Most of the interest is driven by the state’s aggressive push towards a zero-emissions future.
As a policymaker looking to cut greenhouse gasses (GHGs), your task is to identify the largest sources of emissions, and then figure out how to reduce them. Adopting heat pumps for space and water heating could be a significant step.
It should not come as a surprise that the majority of GHG emissions (45 percent) in California are from the transportation sector. The next largest source, approximately 24 percent, is buildings. Building emissions are primarily from “thermal loads,” such as heating, cooling, and making hot water. In California, the vast majority of buildings rely on the combustion of natural gas to generate heat.

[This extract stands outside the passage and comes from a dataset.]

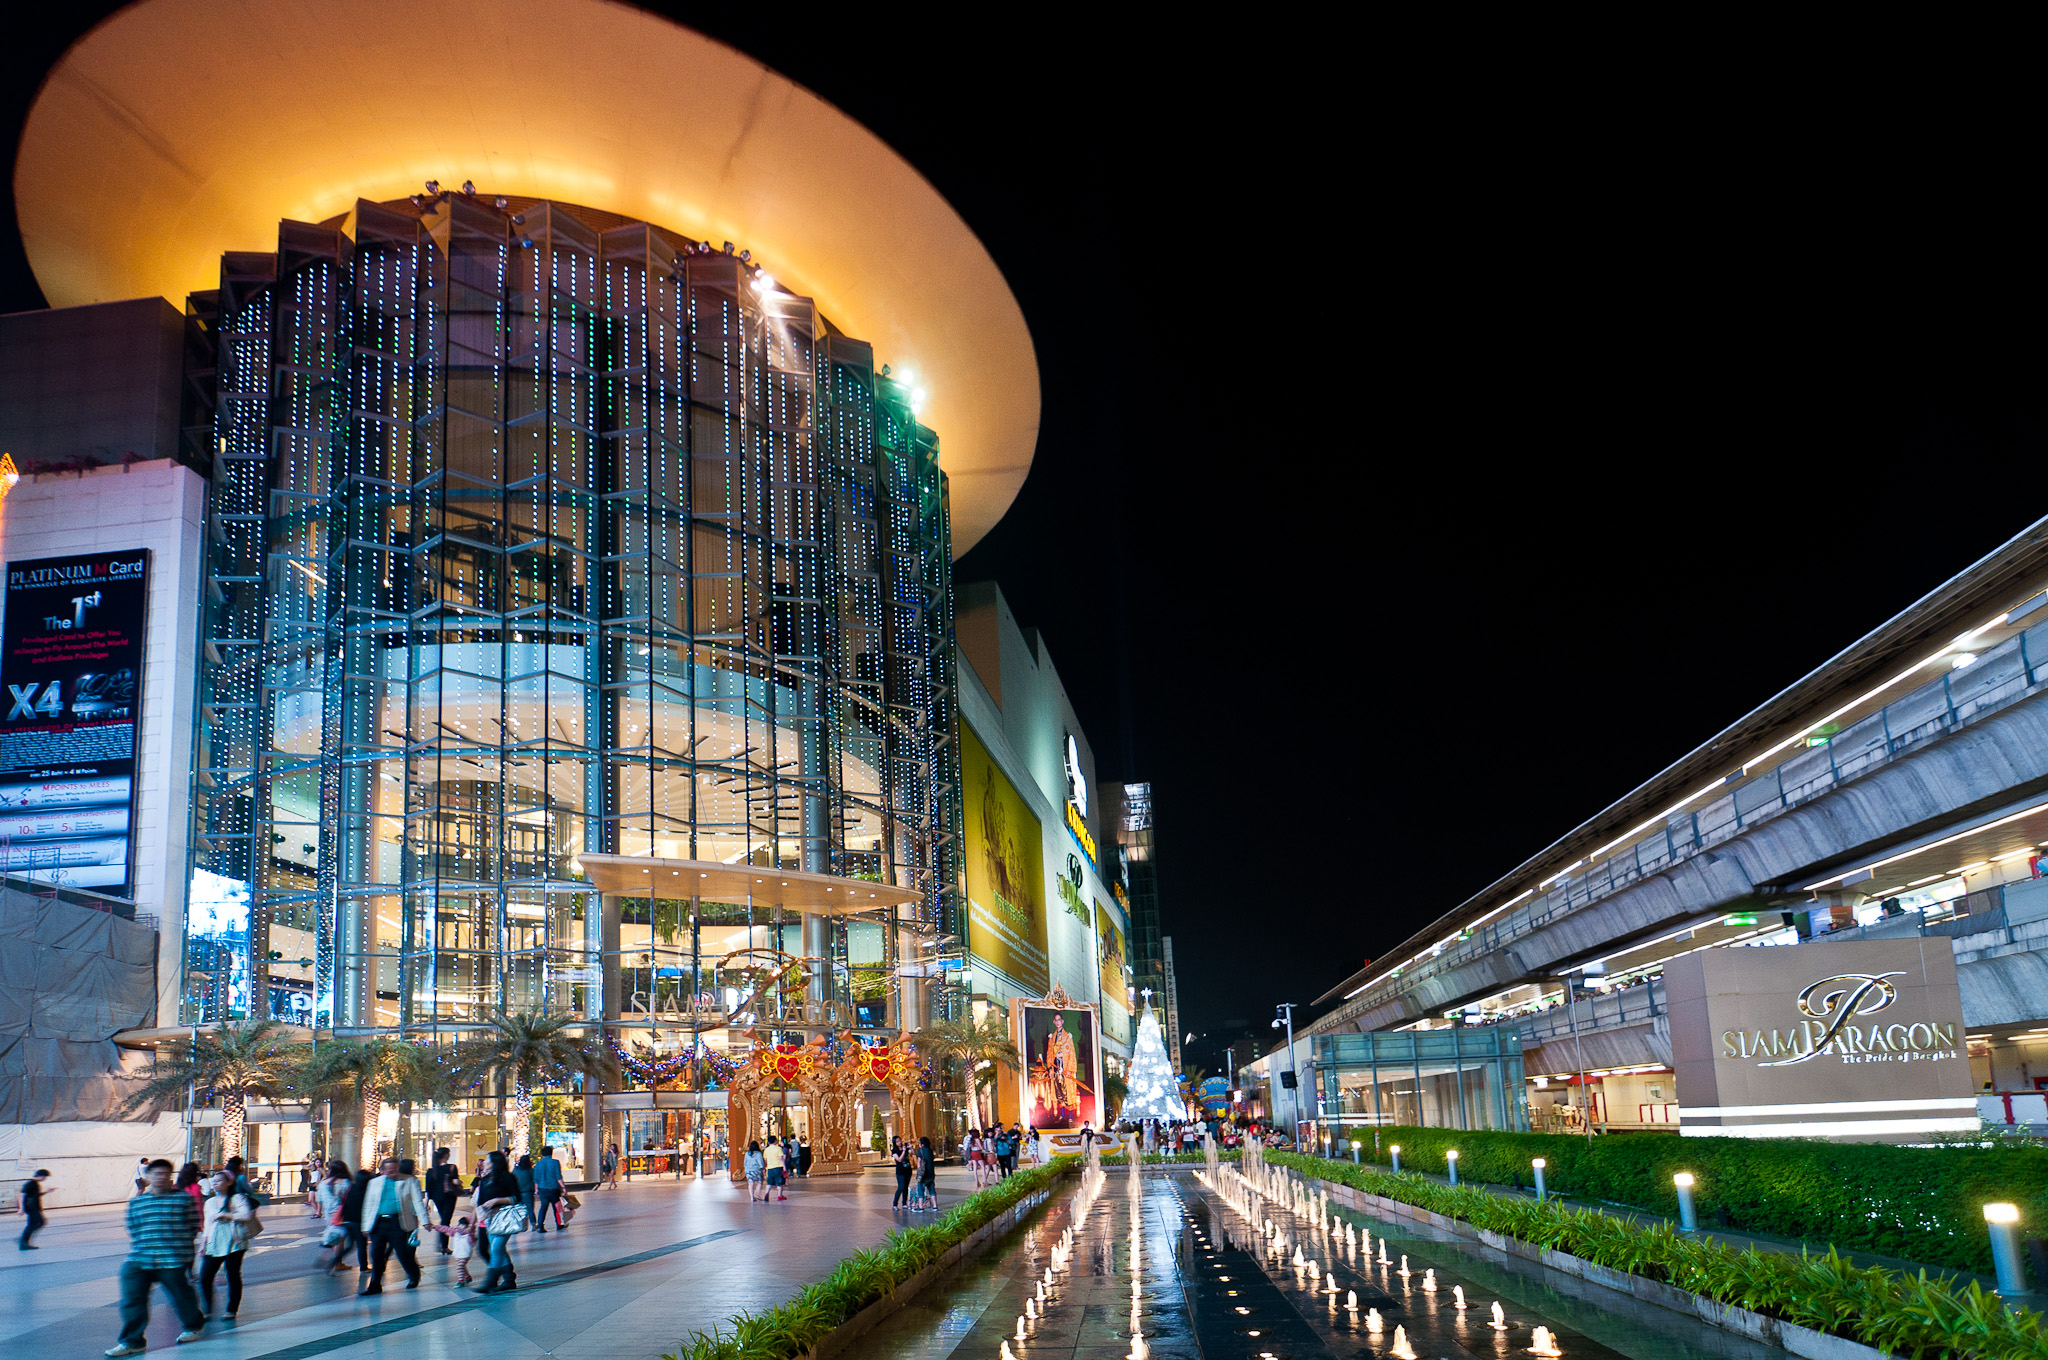 Siam Paragon - 3 Biggest Shopping Malls to Visit in Bangkok

The Problem with Natural Gas
A furnace is a pretty simple device. Imagine a fire burning inside a metal box; now put another box around it and blow some air through. The flame inside the box heats the air, and a blower circulates it through a duct system. The warm air from the furnace keeps your house warm. A gas water heater is even simpler. Take a large pot, fill it with water, and use a small flame under it to heat it. When the water runs out, add some more water and heat it again.
The problem is that according to the 2nd law of thermodynamics, combustion can never be 100 percent efficient, and what is left over is not nice stuff. As far as fossil fuels go, natural gas burns relatively clean compared to fuel oil or other options. Burning natural gas produces some not-so-lovely byproducts, including nitrous oxide, a key component in smog, though at much lower levels than burning the gasoline in our cars does. One thing about gas that is often overlooked are the leaks in the transmission and distribution system. Natural gas leaks release methane-an even more potent greenhouse gas than CO2-into the atmosphere before it even reaches your home. It turns out the leaks in the distribution system are much more significant than has long been assumed.
The storage of natural gas is tricky. When a pipe at the Aliso Canyon storage facility in Southern California broke, it released over a hundred thousand tons of natural gas directly into the atmosphere, creating the largest gas leak in US history-the greenhouse equivalent of burning 1 billion gallons of gasoline. It took over four months to cap and stop the leak. Thousands of people were made sick and were displaced from their homes.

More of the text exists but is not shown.